*AIM OF THE EXERCISE*. Emit a verbatim copy of the lines below from the line with "Energy Capital Partners (ECP) open workspace" through the line with "2009 Vauxhall Insignia", excluding pictures and everything outside that range.

** Opening DATASET EXTRACT block **

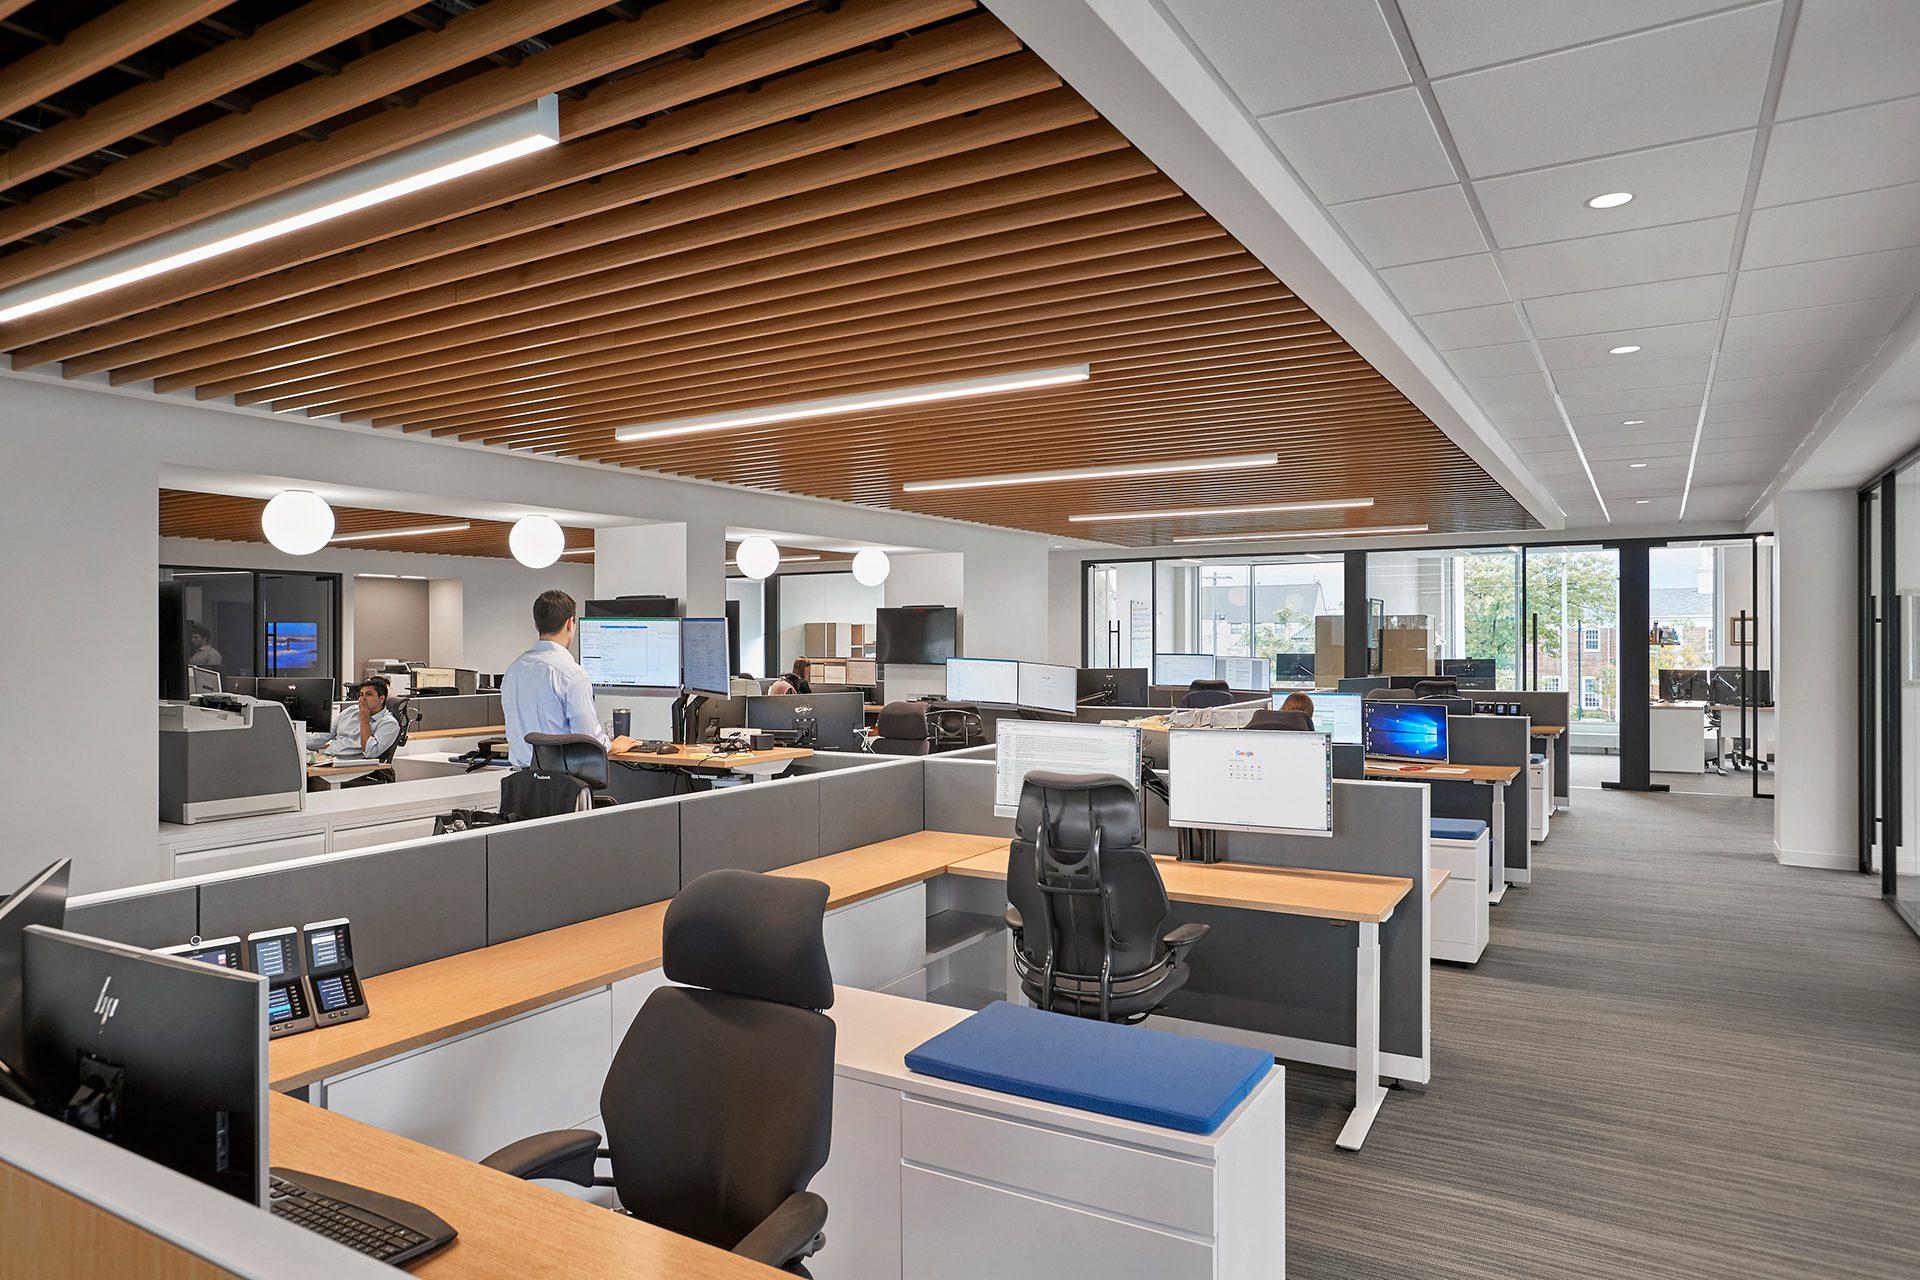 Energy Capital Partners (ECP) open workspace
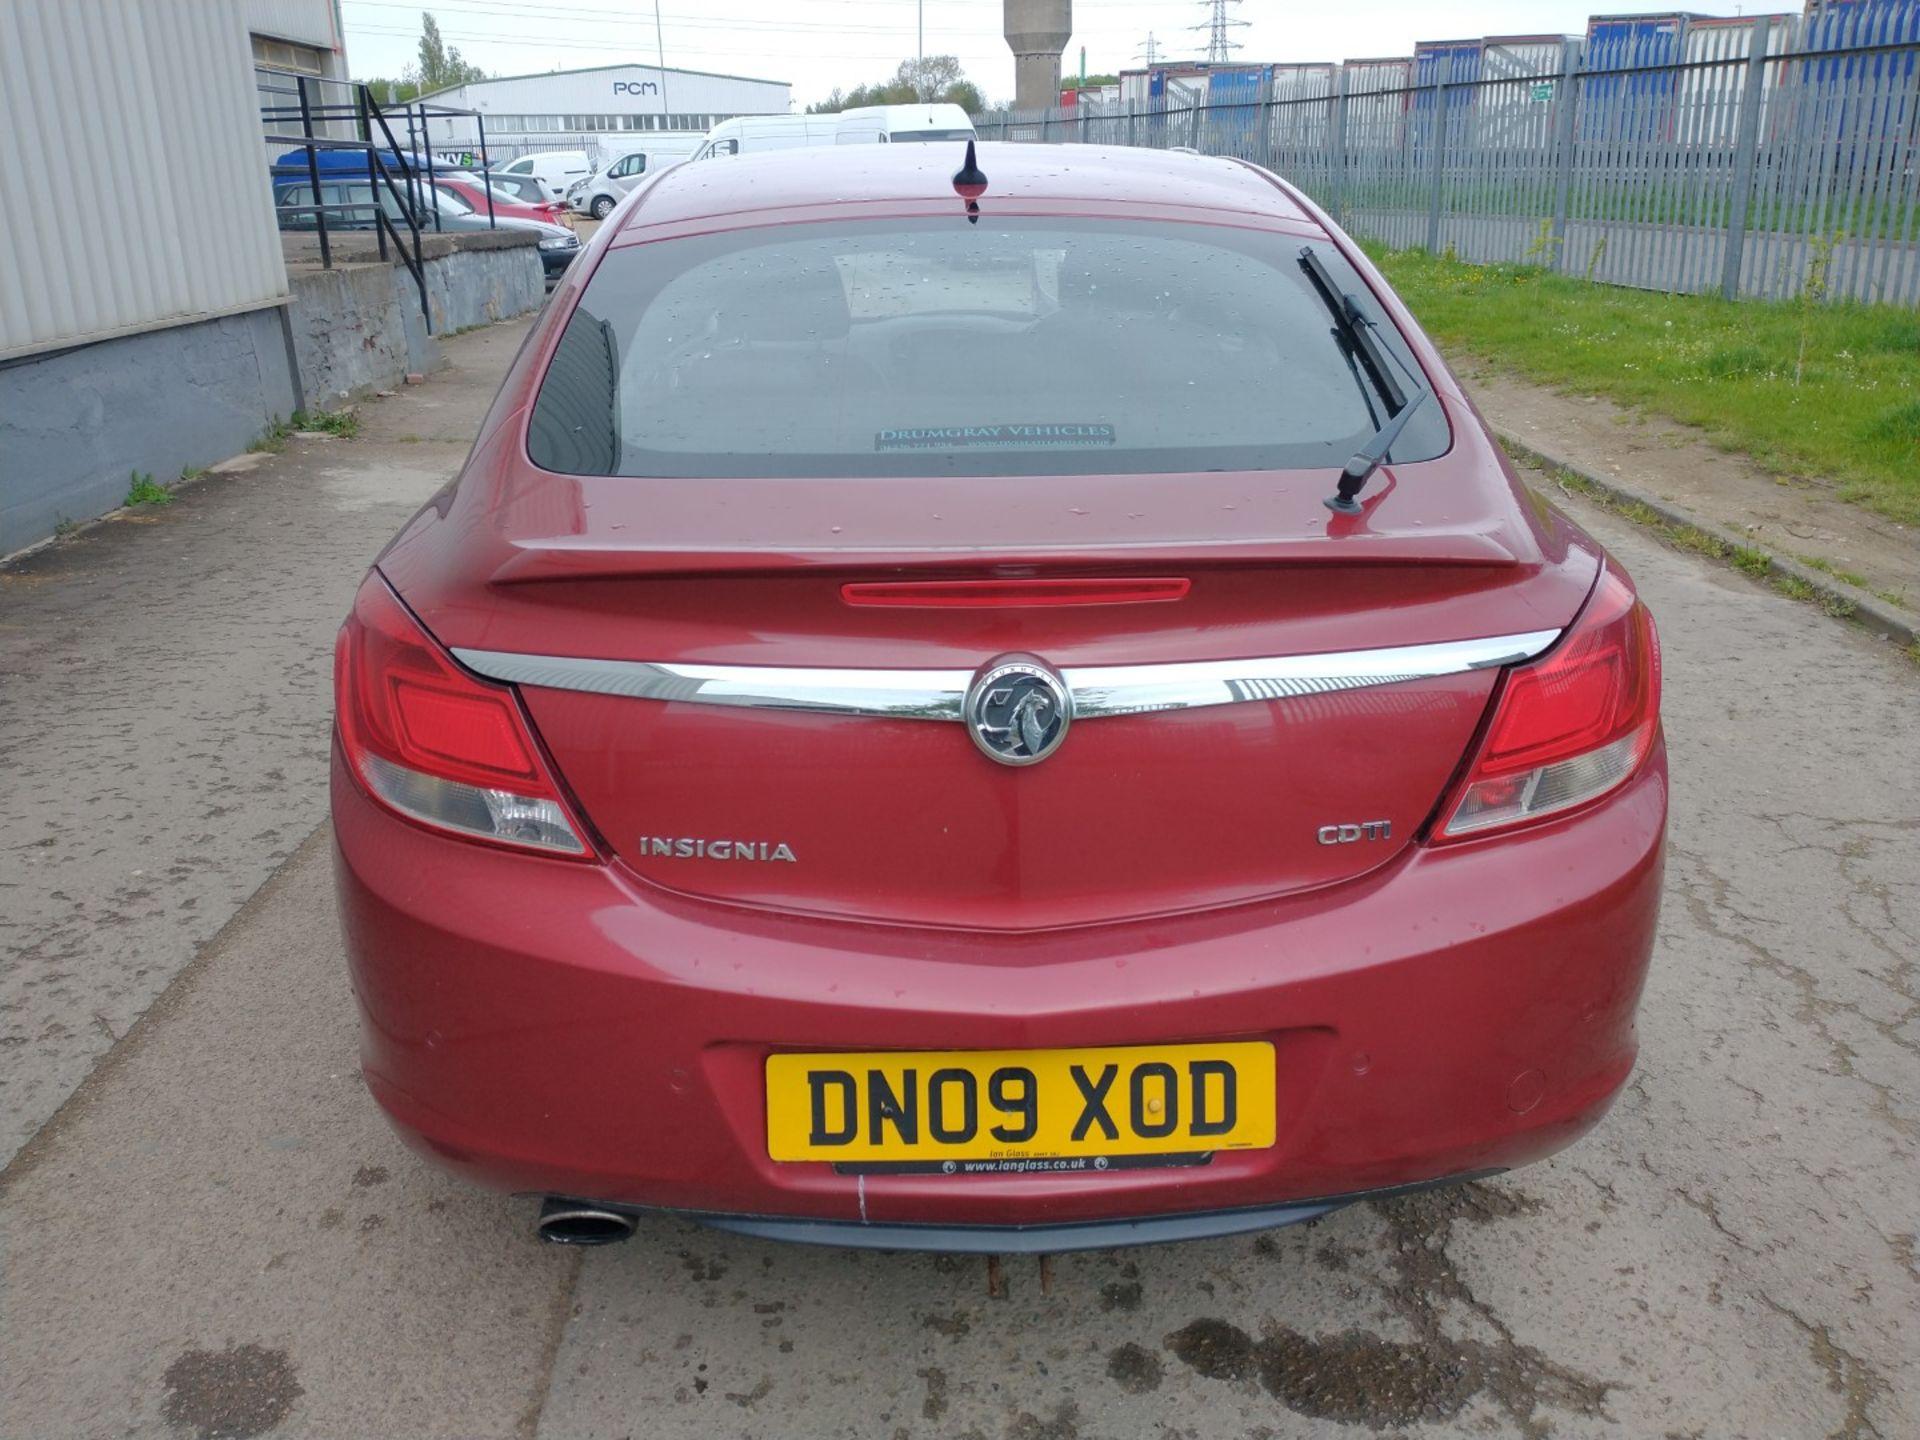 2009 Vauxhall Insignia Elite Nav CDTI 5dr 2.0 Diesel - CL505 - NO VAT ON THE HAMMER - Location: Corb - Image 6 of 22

** Closing DATASET EXTRACT block **
** Opening DATASET EXTRACT block **

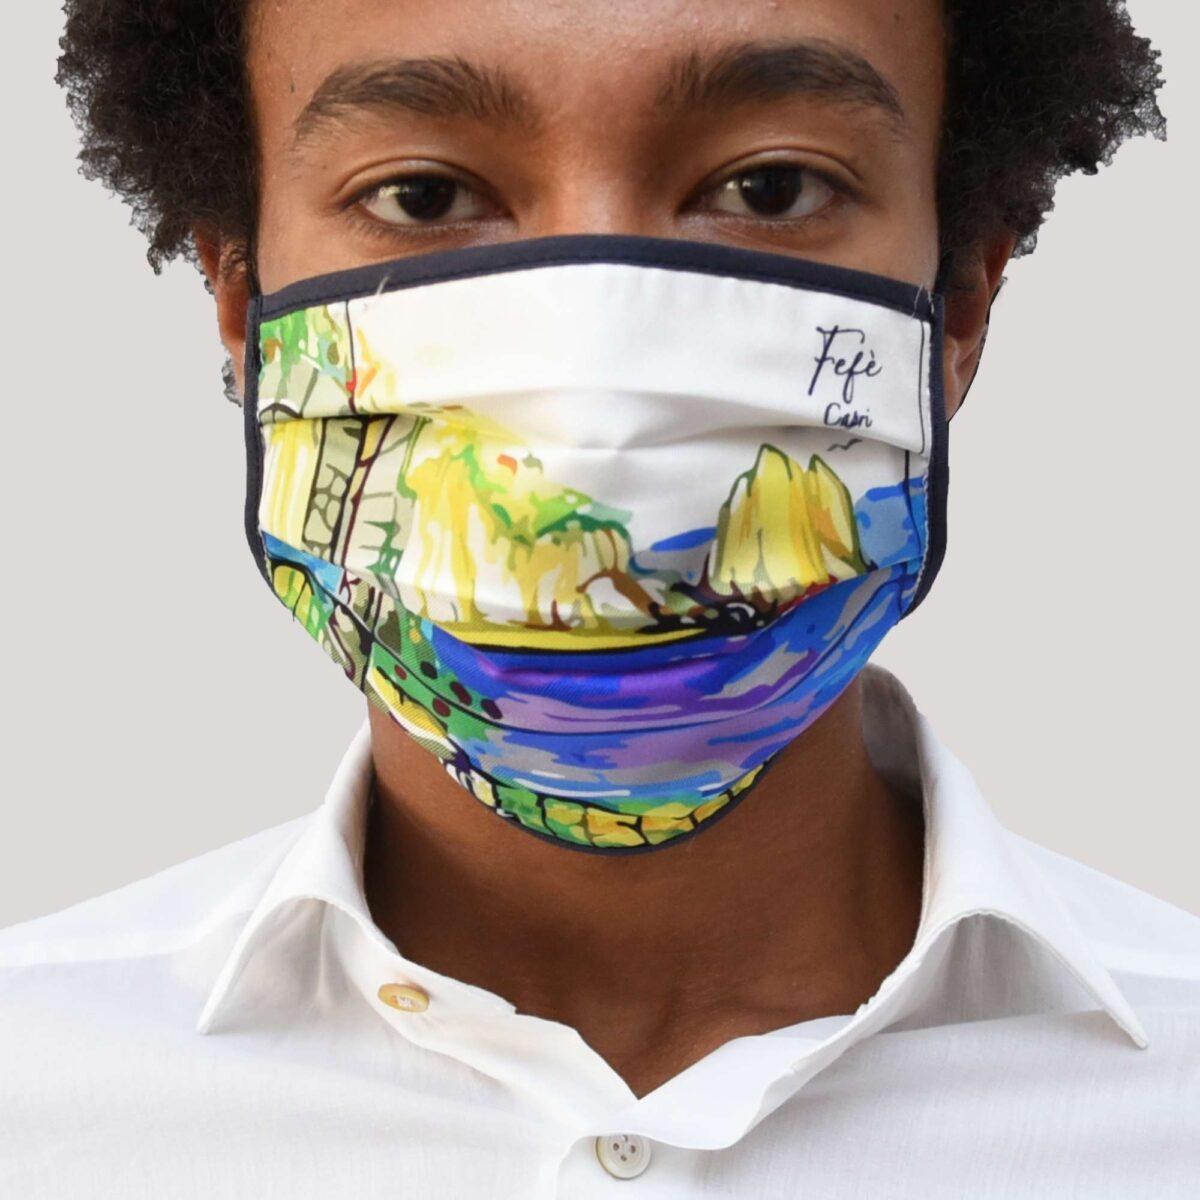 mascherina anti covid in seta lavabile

** Closing DATASET EXTRACT block **

*EXERCISE RESULT*.
 Energy Capital Partners (ECP) open workspace
 2009 Vauxhall Insignia Elite Nav CDTI 5dr 2.0 Diesel - CL505 - NO VAT ON THE HAMMER - Location: Corb - Image 6 of 22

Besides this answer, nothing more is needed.